Calculating reaction enthalpy changes
The enthalpy change of a complete reaction (ΔHr) is determined using average bond enthalpies for the bonds that are broken and those that are formed:
ΔHr = Σ(bond enthalpies of bonds broken) - Σ(bond enthalpies of bonds formed)
where Σ = sum of
Alternatively, ΔHr can be expressed in terms of the bond enthalpies in the reactants and products:
ΔHr = Σ(bond enthalpies in reactants) - Σ(bond enthalpies in products)
Hess cycles provide more accurate ΔHr values
Calculating ΔHr using mean bond enthalpies is less accurate than using Hess cycles because average bond enthalpies do not account for the unique molecular environment of each bond in a specific molecule. Hess cycles, in contrast, consider the actual enthalpy changes associated with the specific bonds in the reactants and products, providing a more precise estimation of ΔHr.

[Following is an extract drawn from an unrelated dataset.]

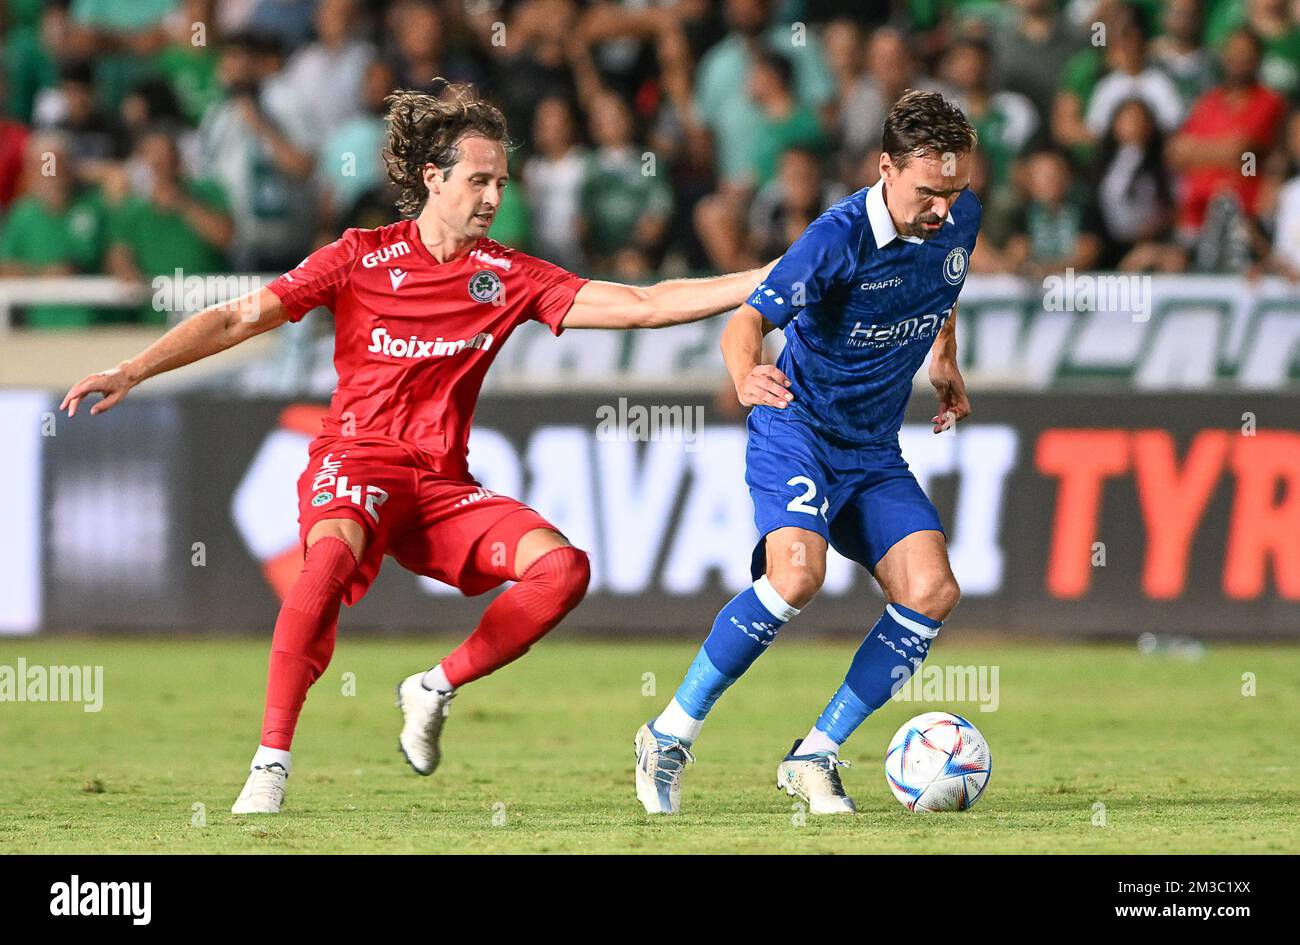 Omonia's Mix Diskerud and Gent's Sven Kums pictured in action during a soccer game between Cypriot Omonia Nicosia and Belgian KAA Gent in Nicosia, Cyprus on Thursday 25 August 2022, the return leg of the play-offs for the UEFA Europa League competition. BELGA PHOTO DAVID CATRY Stock Photo

Worked example 1 - Calculating ΔH for the combustion of methane
Calculate the enthalpy change (ΔH) for the combustion of methane (CH4) with oxygen to form carbon dioxide and water. The balanced chemical equation is:
CH4 + 2O2 ➔ CO2 + 2H2O
Given the mean bond enthalpies:
| Bond type | Mean bond enthalpy (kJ mol-1) |
|---|---|
| C-H | +414 |
| O=O | +498 |
| C=O | +799 |
| O-H | +464 |
Step 1: Identify and count the bonds broken and formed
Bonds broken: 4 x C-H and 2 x O=O
Bonds formed: 2 x C=O and 4 x O-H
Step 2: Calculate total energy absorbed in breaking bonds
Energy to break bonds = (4 x 414) + (2 x 498) = 1,656 + 996 = 2,652 kJ mol-1
Step 3: Calculate total energy released in forming bonds
Energy released in bond formation = (2 x 799) + (4 x 464) = 1,598 + 1,856 = 3,454 kJ mol-1
Step 4: Calculate ΔH for the reaction
ΔH = Σbond enthalpies of bonds broken - Σbond enthalpies of bonds formed
ΔH = 2,652 - 3,454 = -802 kJ mol-1
The negative sign indicates that the reaction is exothermic, releasing 802 kJ mol-1 of energy.
Worked example 2 - Calculating ΔH for the synthesis of ammonia
Calculate the enthalpy change (ΔH) for the synthesis of ammonia (NH3) from nitrogen and hydrogen. The balanced chemical equation is:
N2 + 3H2 ➔ 2NH3
Given the mean bond enthalpies:
| Bond type | Mean bond enthalpy (kJ mol-1) |
|---|---|
| N≡N | +945 |
| H-H | +436 |
| N-H | +391 |
Step 1: Identify and count the bonds broken and formed
Bonds broken: 1 x N≡N and 3 x H-H
Bonds formed: 6 x N-H
Step 2: Calculate total energy absorbed in breaking bonds
Energy to break bonds = (1 x 945) + (3 x 436) = 945 + 1,308 = 2,253 kJ mol-1
Step 3: Calculate total energy released in forming bonds
Energy released in bond formation = (6 x 391) = 2,346 kJ mol-1
Step 4: Calculate ΔH for the reaction
ΔH = Σbond enthalpies of bonds broken - Σbond enthalpies of bonds formed
ΔH = 2,253 - 2,346 = -93 kJ mol-1
The negative sign indicates that the reaction is exothermic, releasing 93 kJ mol-1 of energy.